Records excerpted from a collection:

------------------------------------------------

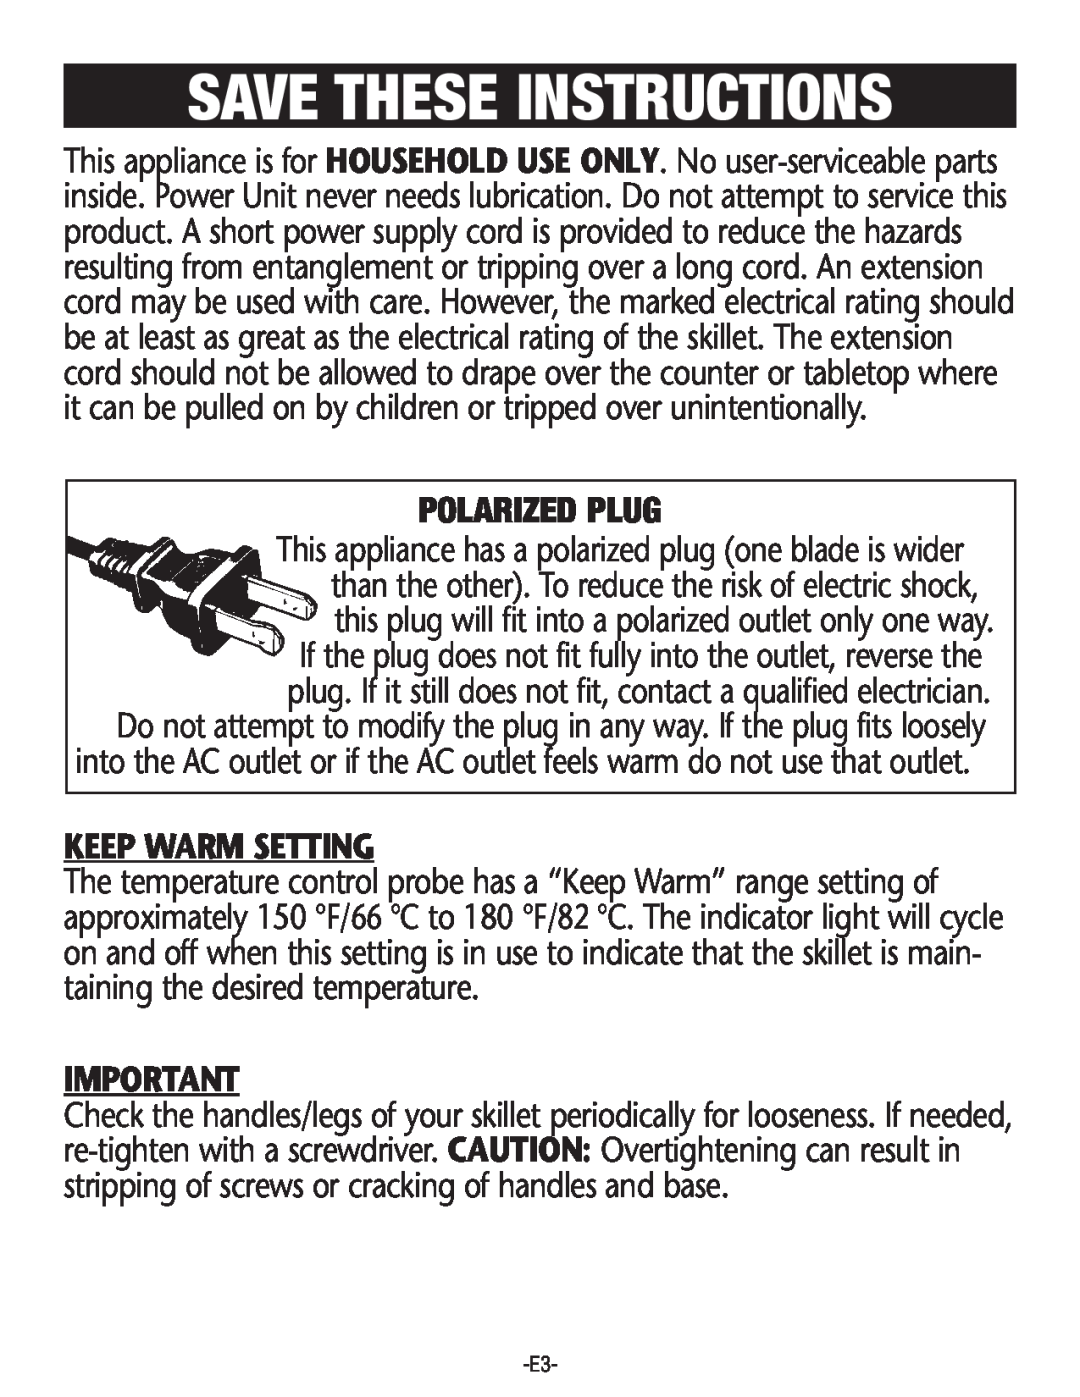 Rival S160 manual Save These Instructions, Polarized Plug, Keep Warmsetting 
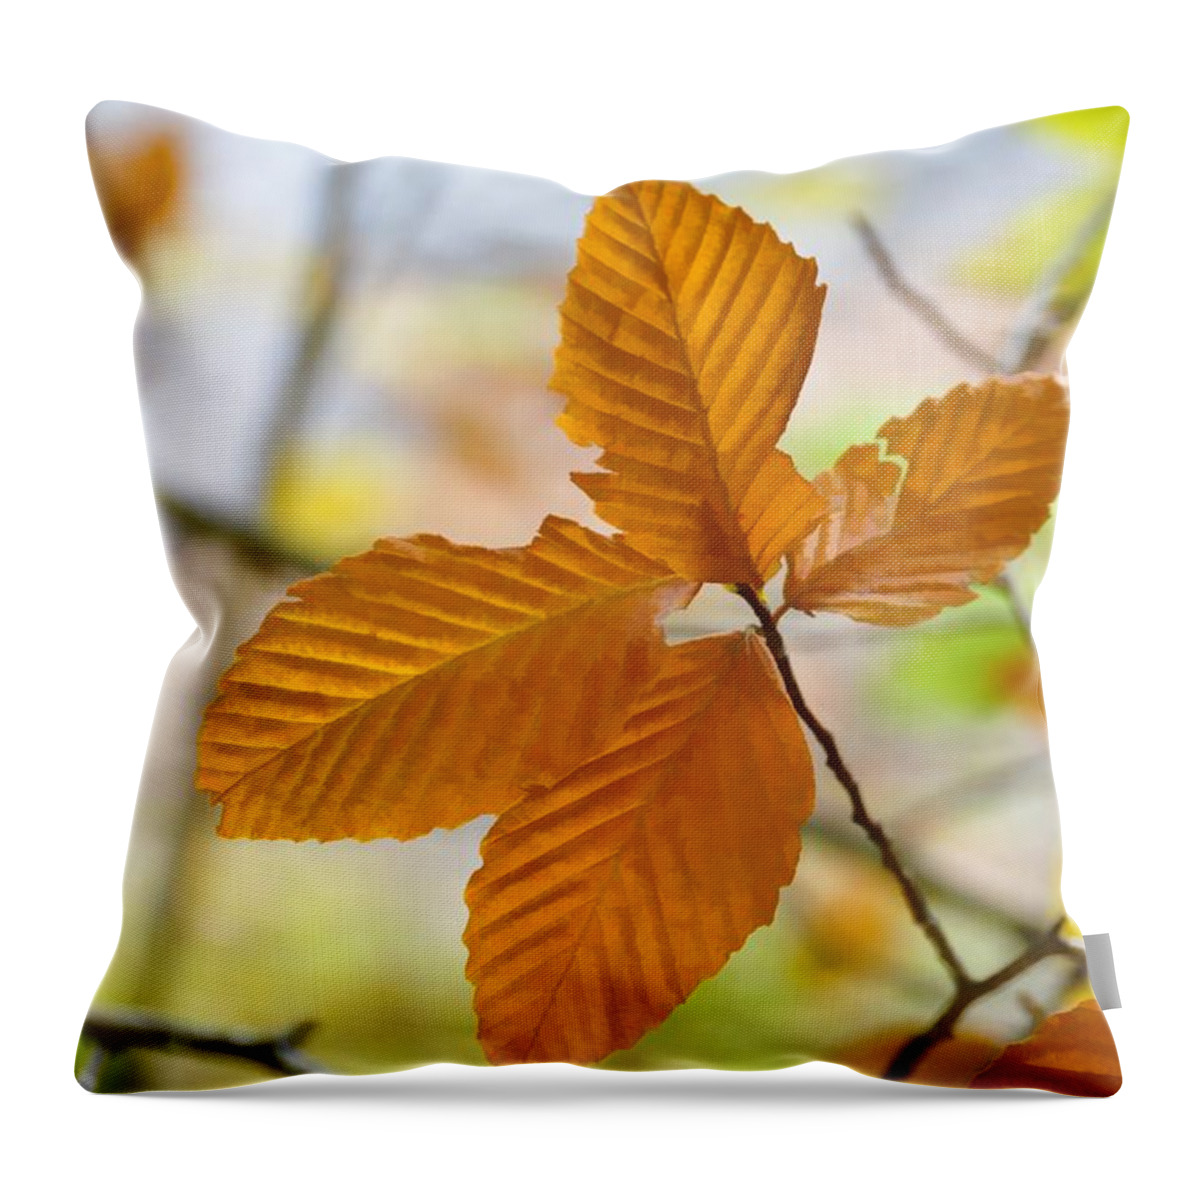 Still Life Throw Pillow featuring the photograph Touch Of Gold by Jan Amiss Photography
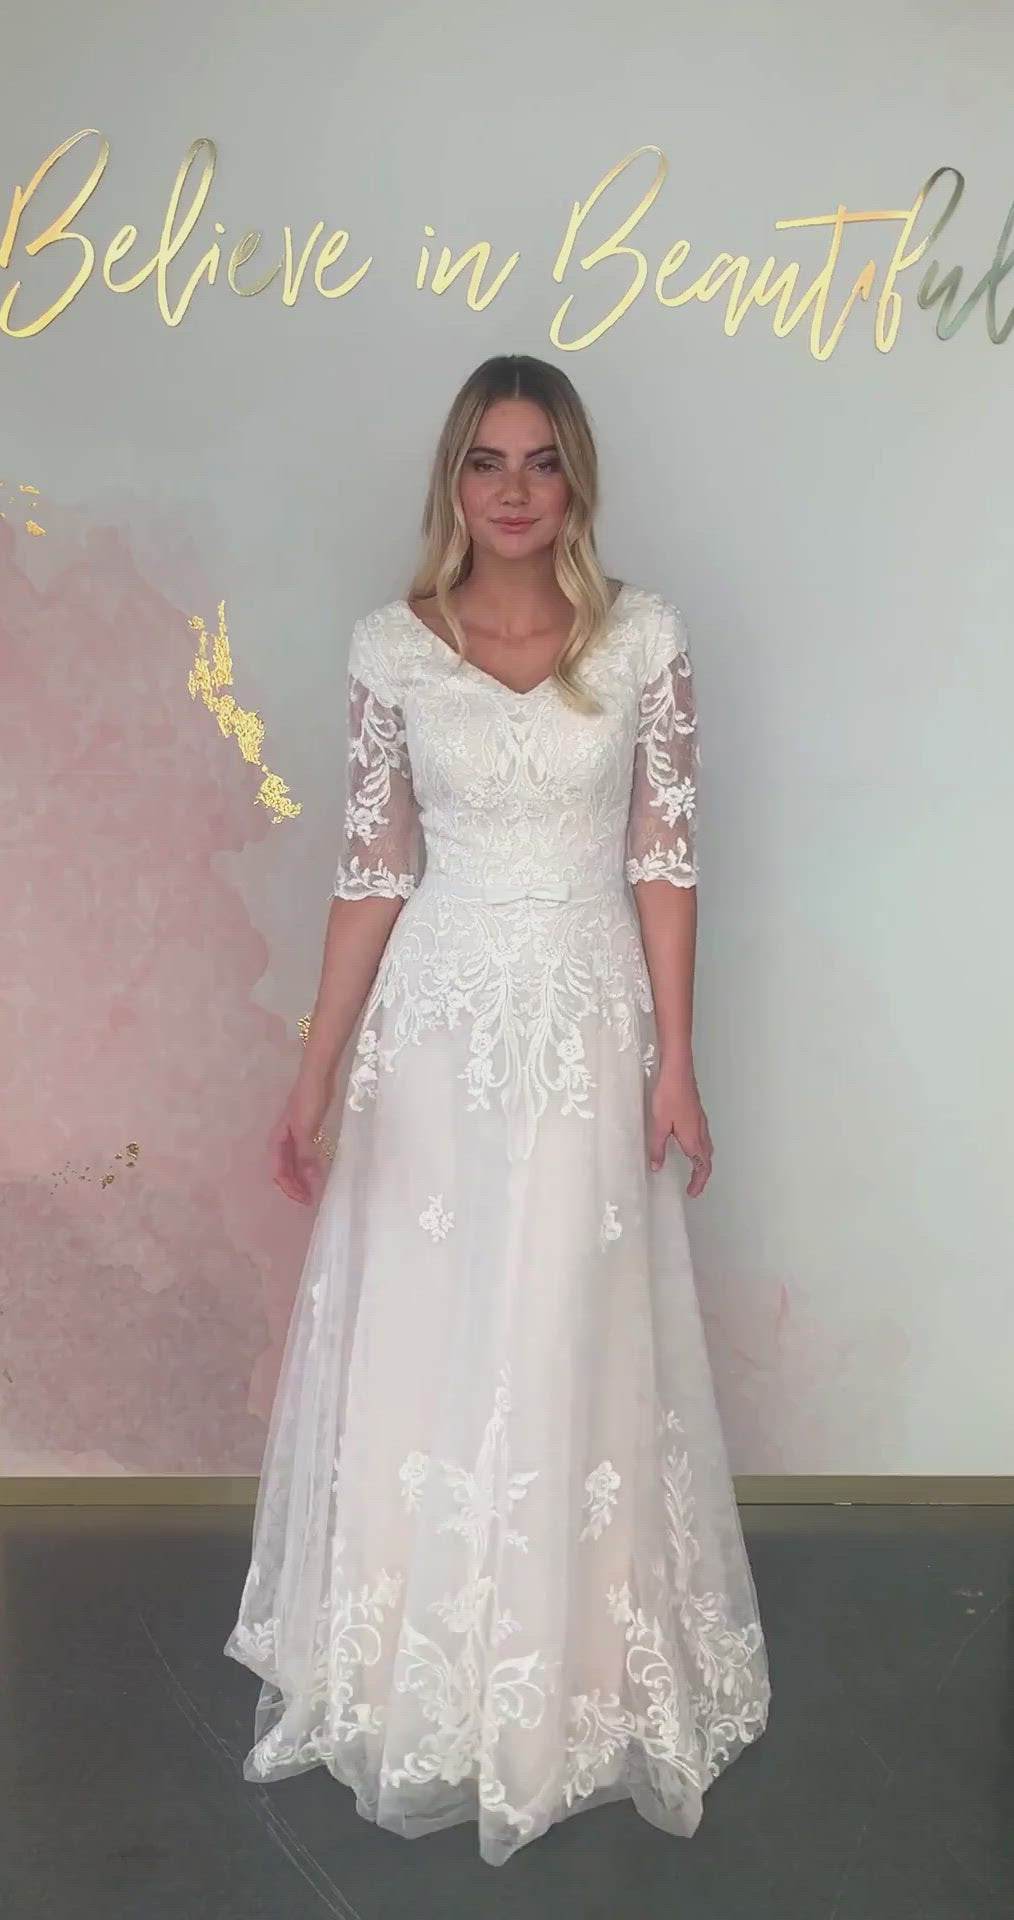 A video featuring our Alice wedding dress and its beautiful A-line silhouette, lace applique detailing, and dainty bow at the waist.
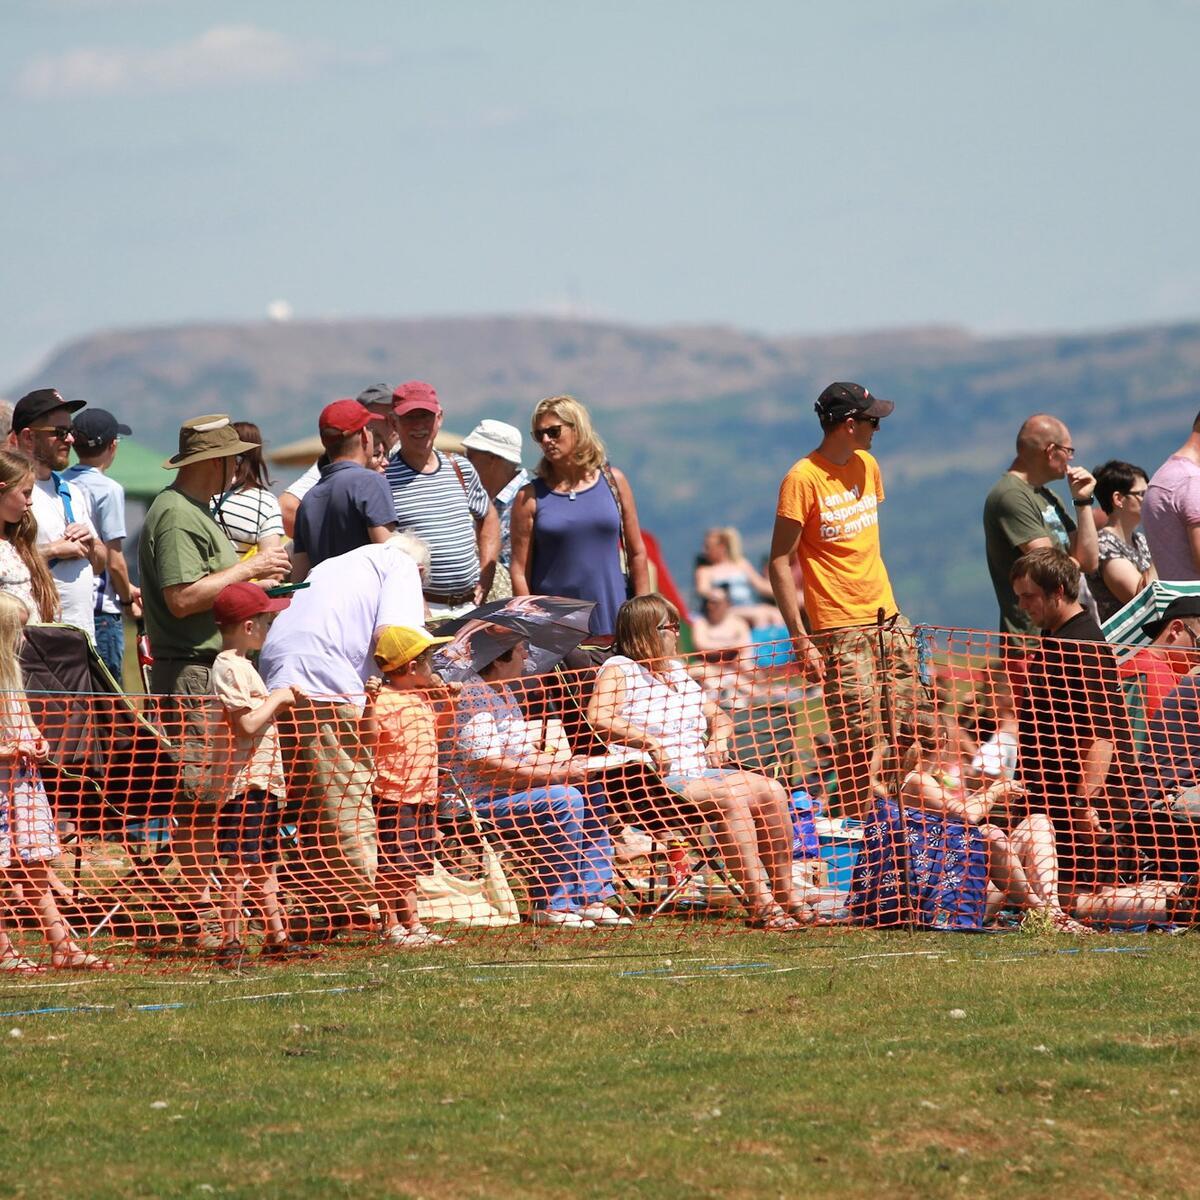 Spectators enjoying the day and the view
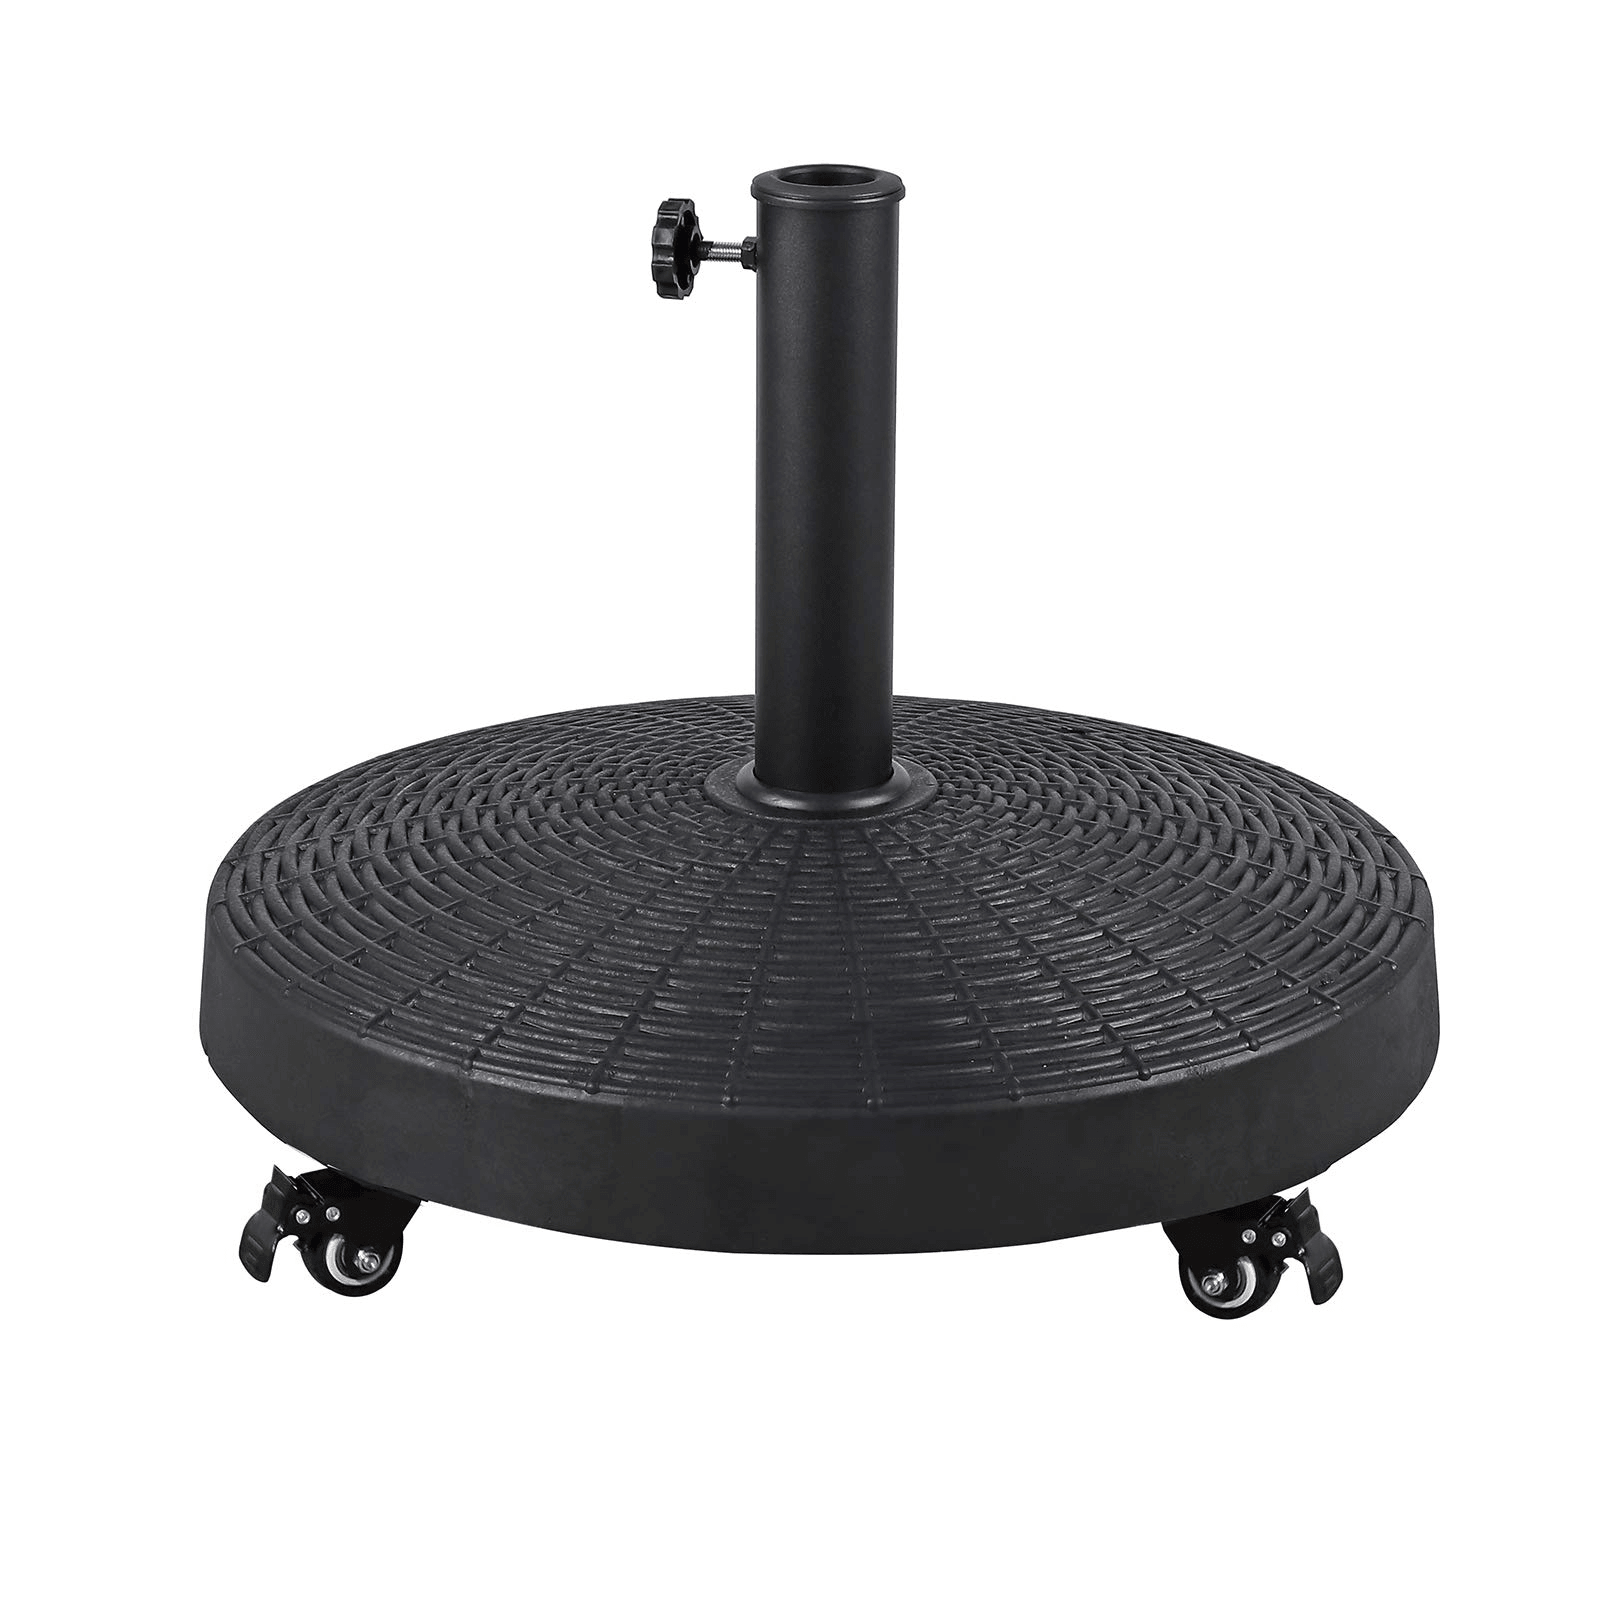 Patio Umbrella Base with Wheels, Heavy-Duty Stand Resin Weights for Outdoor Market Umbrella, 52lbs, Black best sale - OrangeCasual

------------------------------------------------

▶ BRIEF:
Can the lines from the one with "A video featuring" to the end of the records above be quoted exactly, both ends included, with every picture omitted?

▶ WRITTEN SOLUTION:
 A video featuring our Alice wedding dress and its beautiful A-line silhouette, lace applique detailing, and dainty bow at the waist.
 Spectators enjoying the day and the view
 Patio Umbrella Base with Wheels, Heavy-Duty Stand Resin Weights for Outdoor Market Umbrella, 52lbs, Black best sale - OrangeCasual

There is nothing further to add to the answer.